We had a similar but unofficial agreement with the care home staff. The sole exception I could think of would have been another broken hip - she’d already recovered from one at over 90.

Hospital is a terrible place for anyone with dementia, when they can’t understand what is going on, or why, ditto any instructions, so they pull dressings off, catheters out, etc.

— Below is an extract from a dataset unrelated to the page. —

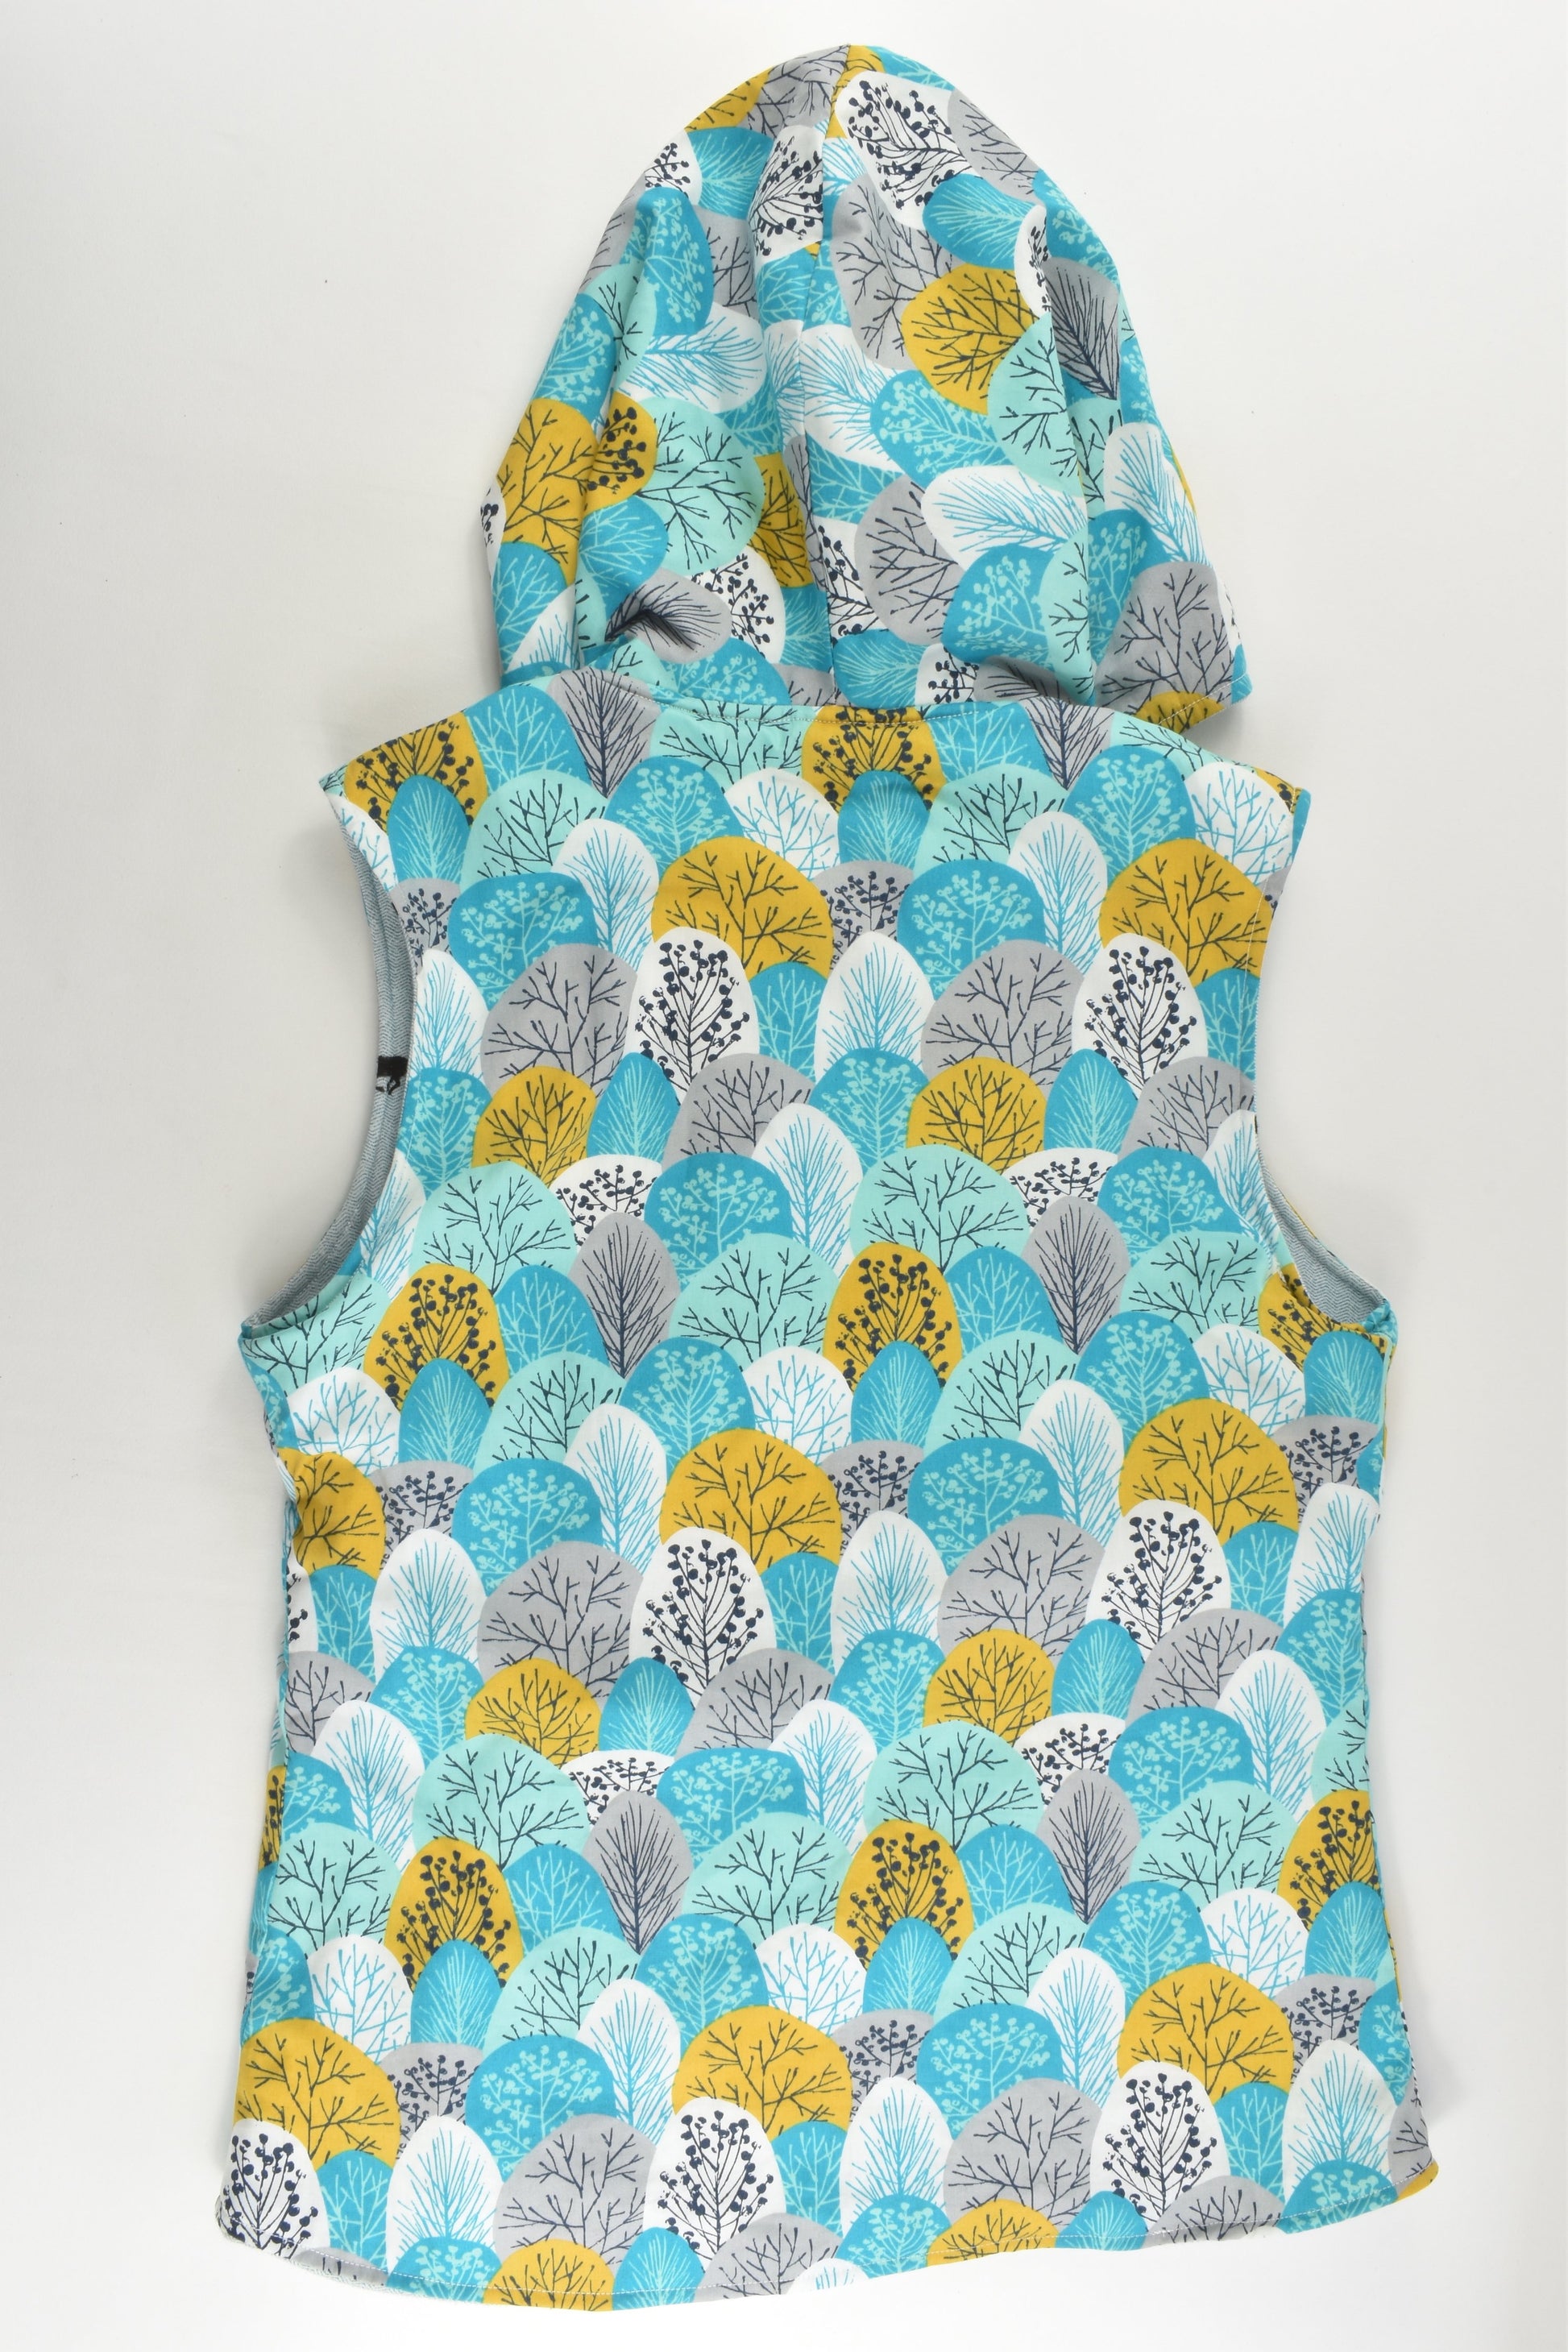 Handmade Size approx 8-10 Horses/Trees Reversible Hooded Vest
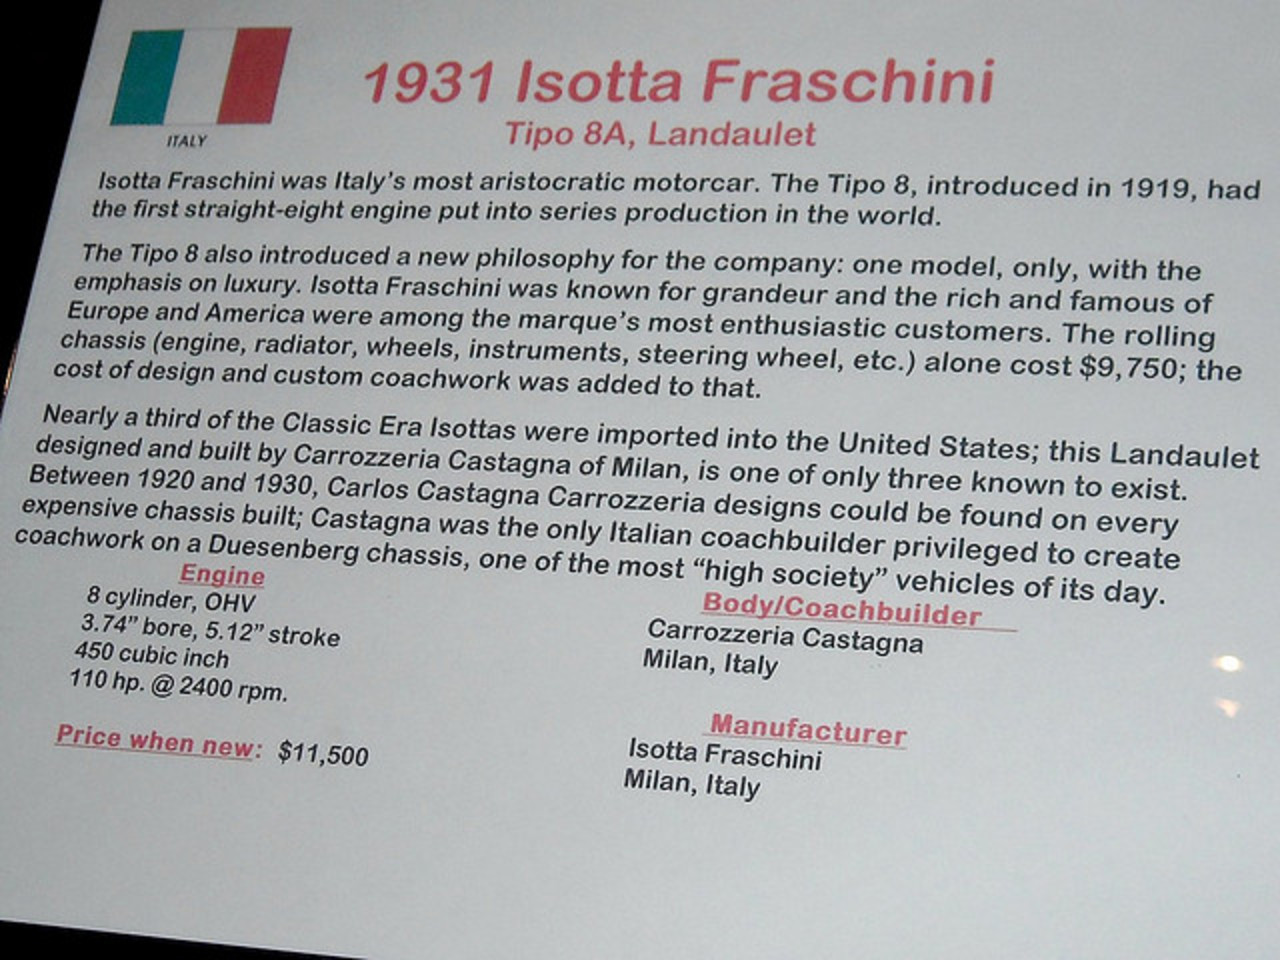 1931 Isotta Fraschini, Tipo 8A, Landaulet (The 1919 verion had the ...

GETTINGLIKEMYMOTHER · 14/03/2022 19:16

Re resuscitation, an elderly neighbour was resuscitated after a 2nd heart attack. He told me that the after-effects were so painful (presumably cracked or broken ribs) that he wished they’d just let him die.
He did in any case die a few months later, of a further heart attack.

For this reason I was very explicit with care home staff, that no such thing should be attempted with my mother, who was already over 90, with dementia. They agreed 100% and it was down in her notes,

GETTINGLIKEMYMOTHER · 14/03/2022 19:22

@BarrowInFurnessRailwayStation

Doctors have way too much power over others. I strongly object to this.
From all I’ve ever heard, it’s often relatives who insist that someone be kept going, when doctors think it’d be kinder to give palliative care only.

Presumably they give in for fear of Daily Mail type headlines - ‘Callous doctors wanted Mum to die!’